Pas toujours. Certaines imprimantes attendent un caractère spécial avant d'imprimer une ligne/page (retour chariot ?).

----------

## BENJI

salut,

J'ai testé mon imprimante sous XP et sous linux sur un autre PC et je suis rassuré elle fonctionne bien.

Sous nux pour la tester (c'était une fedora) on a tapé :

cat tototo > /dev/lp0

L'imprimante ne gère pas les retours à la ligne mais c'est normal. En tout cas elle fonctionne.

De retour chez moi je boote sur la gentoo.

A la même commande le shell me renvoie l'erreur suivante :

-bash : /dev/lp0 : no such device or address

J'ai tapé :

ls /dev/lp? et il retourne

/dev/lp0 /dev/lp1 /dev/lp2

J'ai donc tapé la même commande en utilisant successivement lp, lp1, lp2 mais le message d'erreur reste inchangé.

Que me manque t-il pour la faire fonctionner ?

Pourquoi ça marche pas ?

Pouvez-vous m'aider.

Sinon j'ai regardé les valeurs de tension sur ma carte mère dans le BIOS.

Vcore = 1.52

3.44 V pour 3.3 V

5.22 V pour 5.0 V

12.72 V pour 12 V

Bon, c'est toujours au dessus mais est-ce inquiétant pour autant ?

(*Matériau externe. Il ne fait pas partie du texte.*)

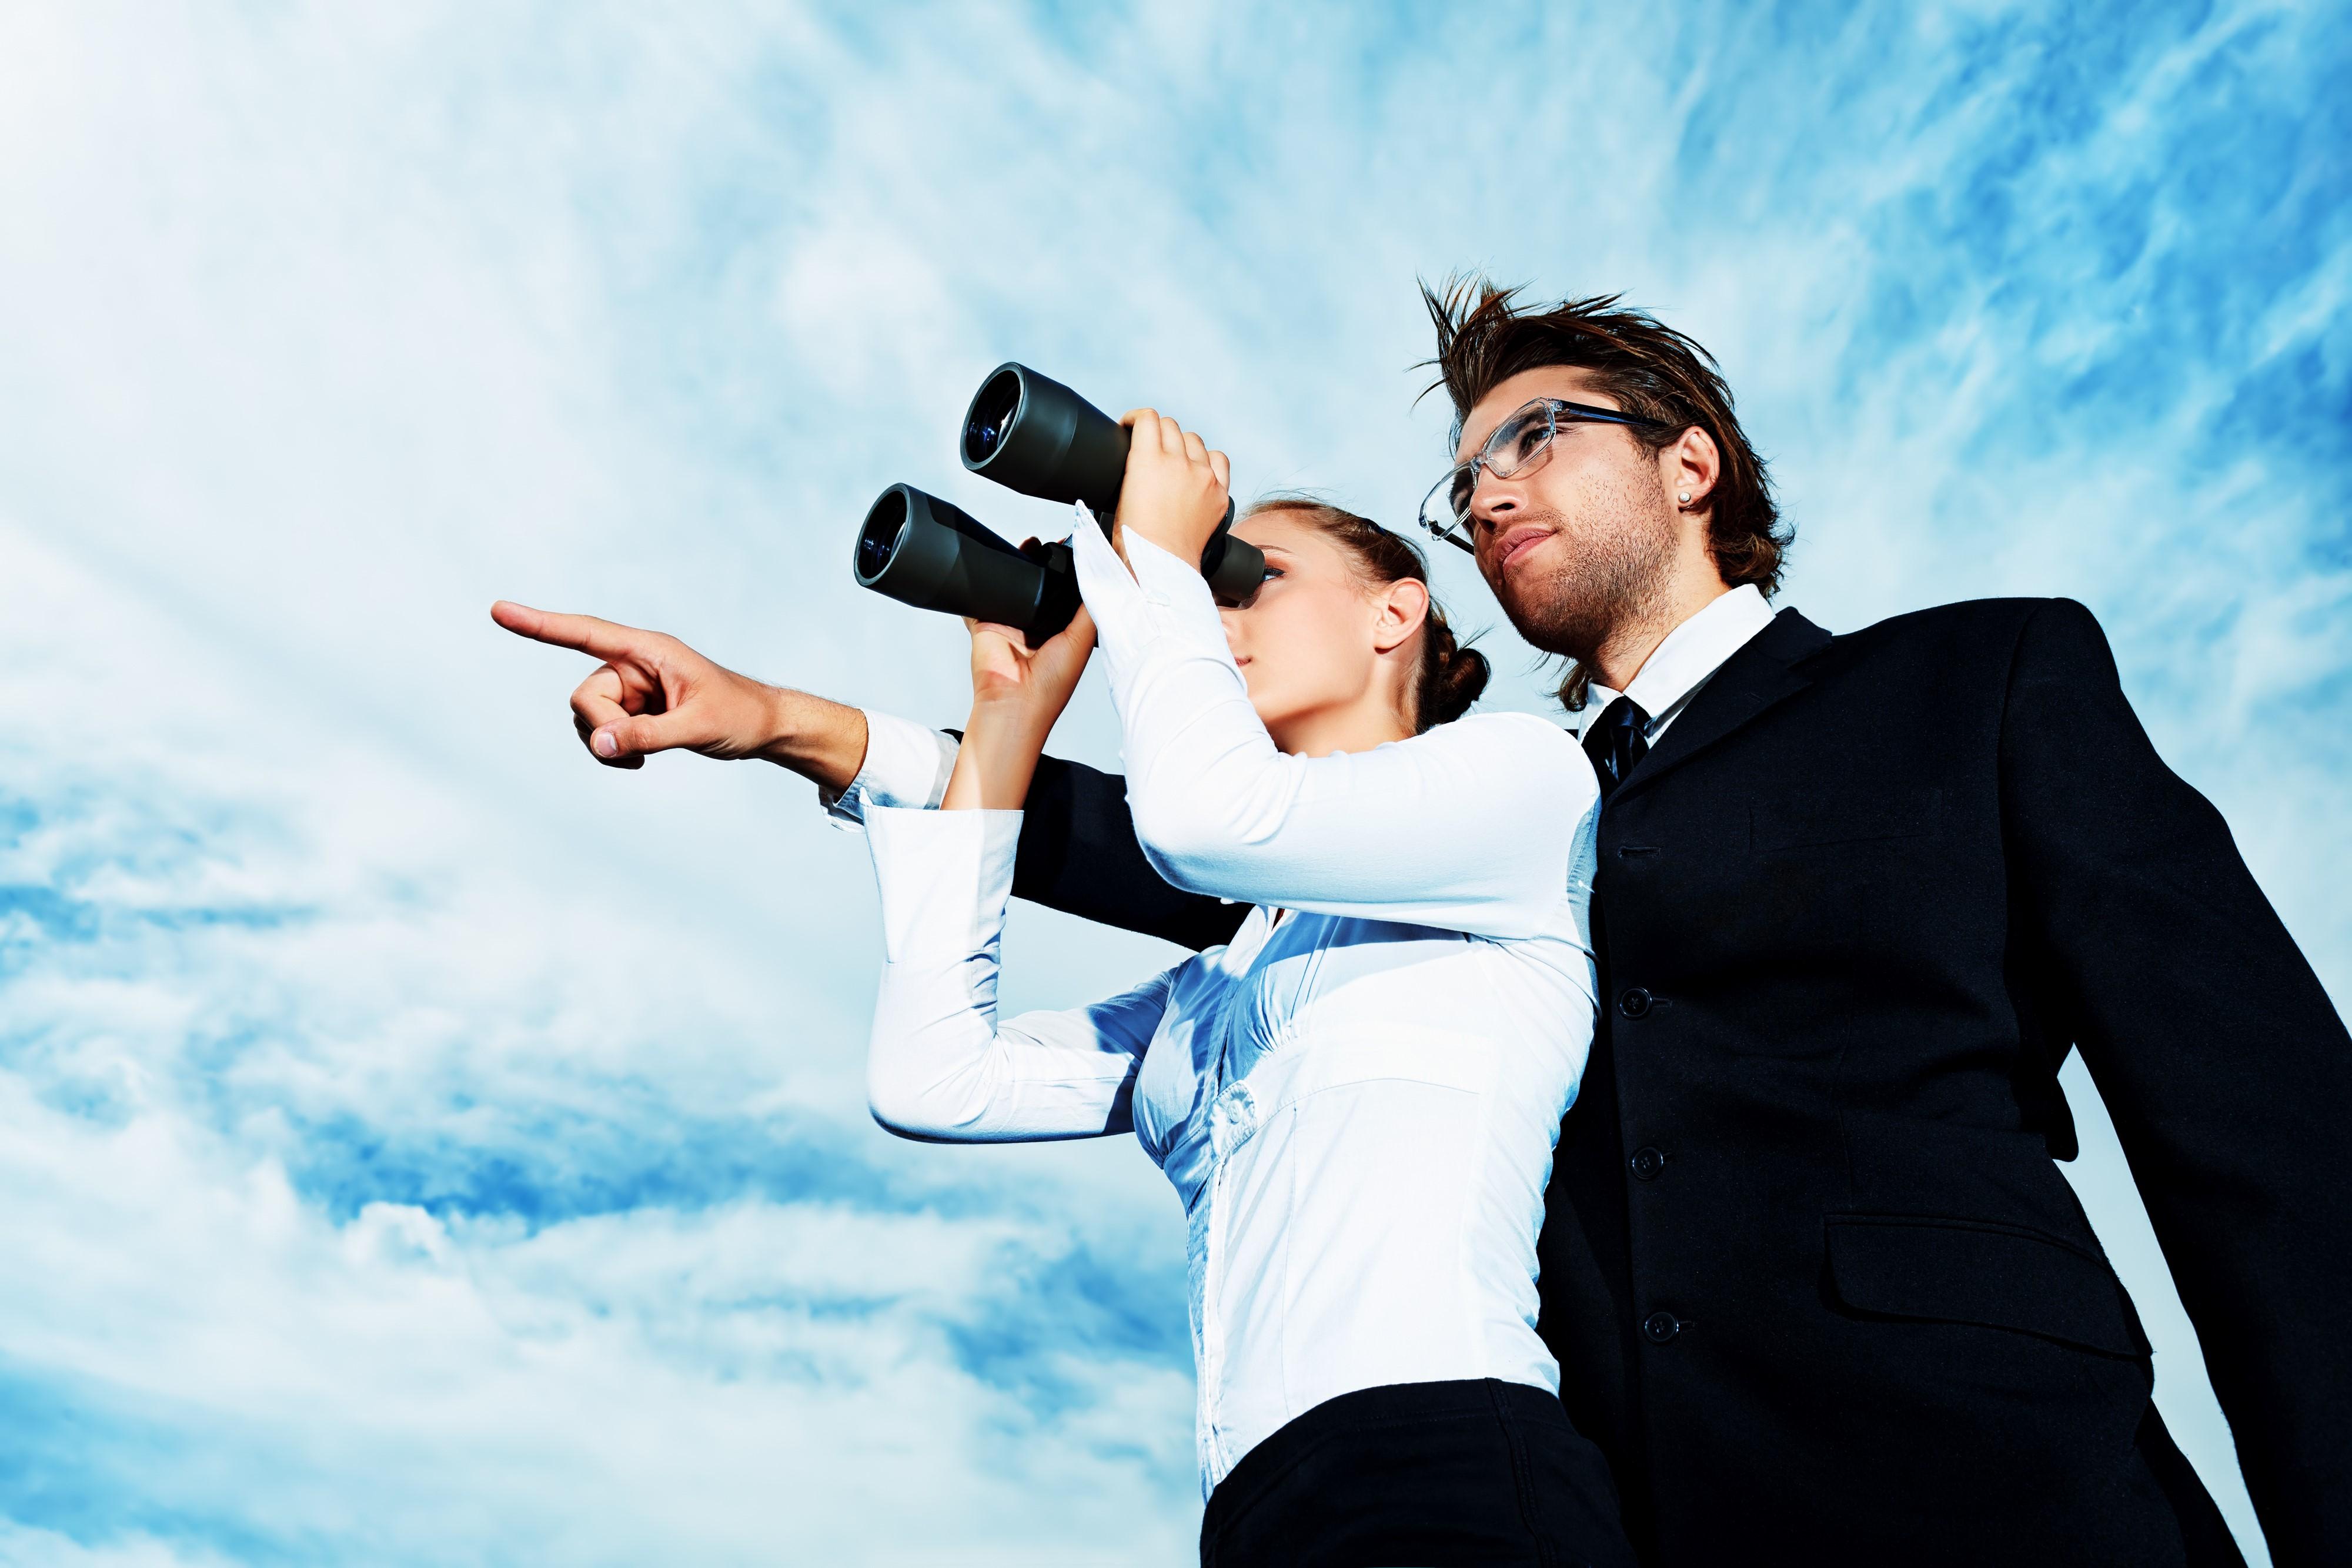 cms/images/new--dual-career/Dual_Career-Karriere_im_Doppelpack_Neu.jpg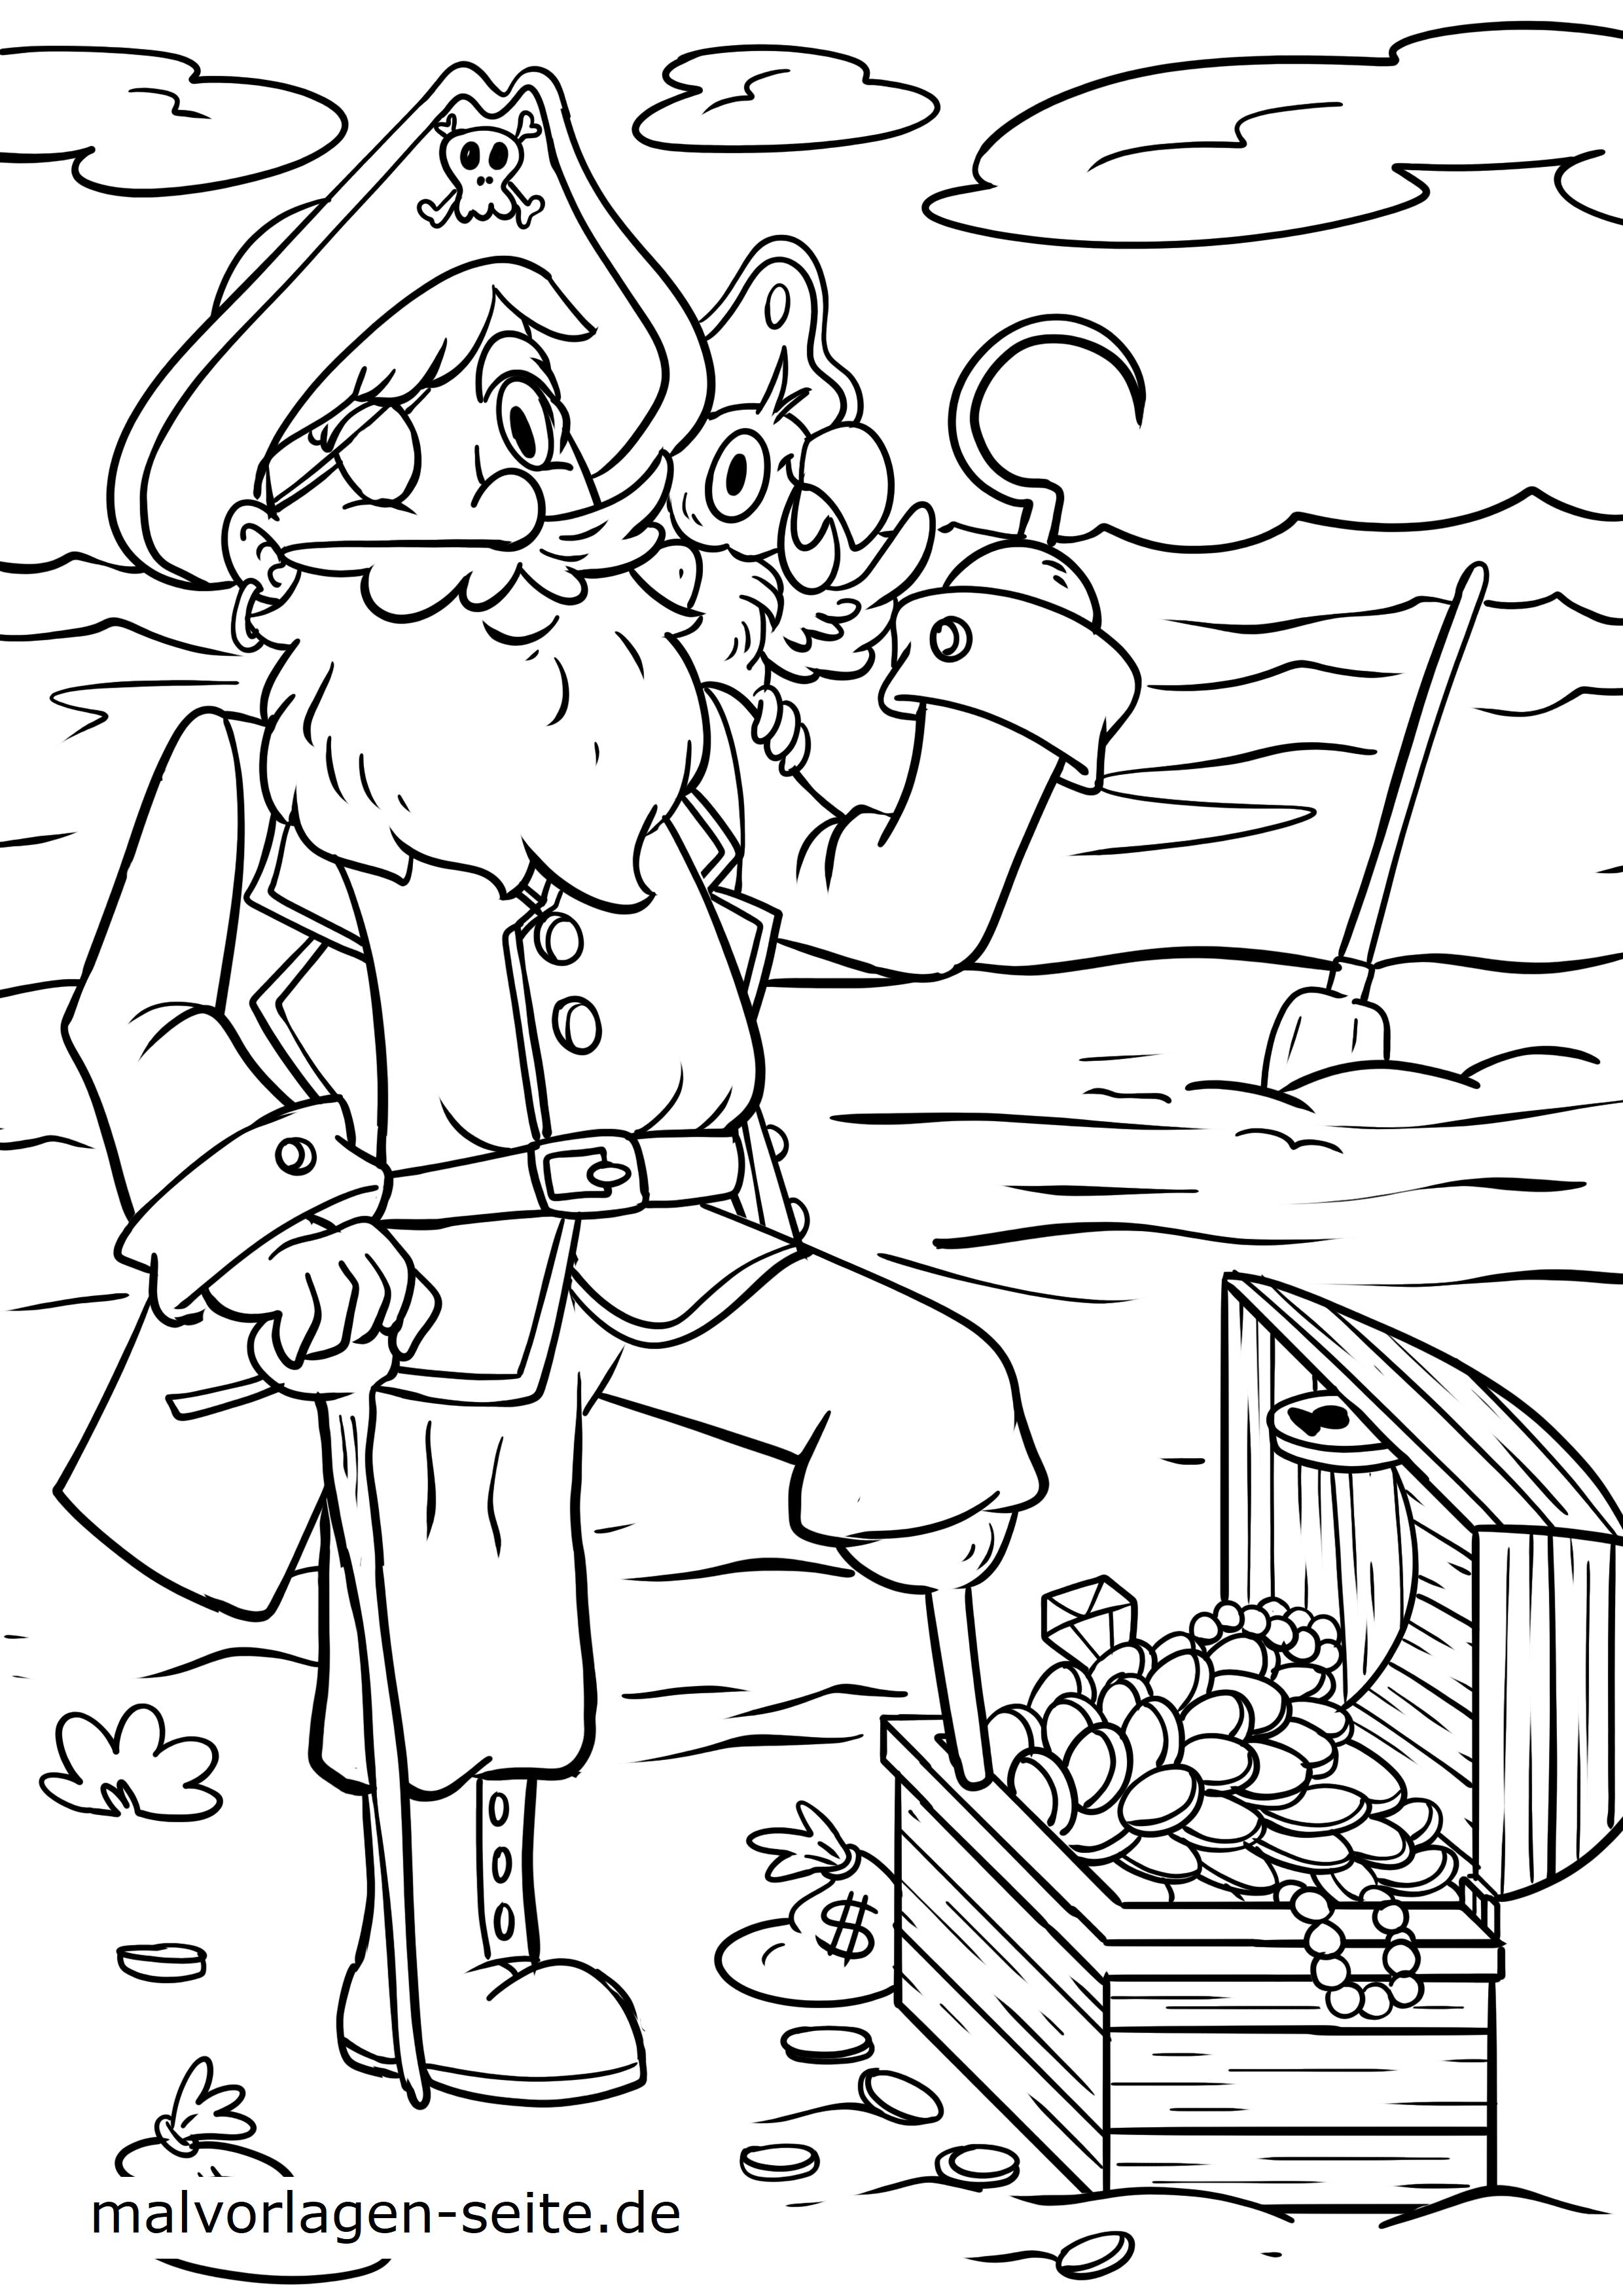 malvorlage pirat - kostenlose ausmalbilder

Prochaine étape je démonte la prise murale pour voir si la terre n'est pas branchée au neutre.

A+

----------

## PabOu

Tu as suivi la doc pour installer une imprimante sous gentoo ? tu as tout ce qu'il faut concernant cette imprimante sur port // dans le kernel ?

----------

## BENJI

ah j'ai pas beaucoup de temps !

il faut que j'aille droit au but donc j'avais pas besoin de toute la théorie si c'était simple.

Mais bon, je comprends ta remarque et tu as raison !

Commencer par ça serait un bon début, qu'en penses-tu ?

http://www.gentoo.org/doc/fr/printing-howto.xml

Et ma question sur l'alimentation de ma machine, quelqu'un peut me donner un avis ?

J'ai pas besoin de grand chose :

1- non, tout est normal

2- ouh c'est pas bon, je te conseil....

Merci les gars !

 :Wink: 

----------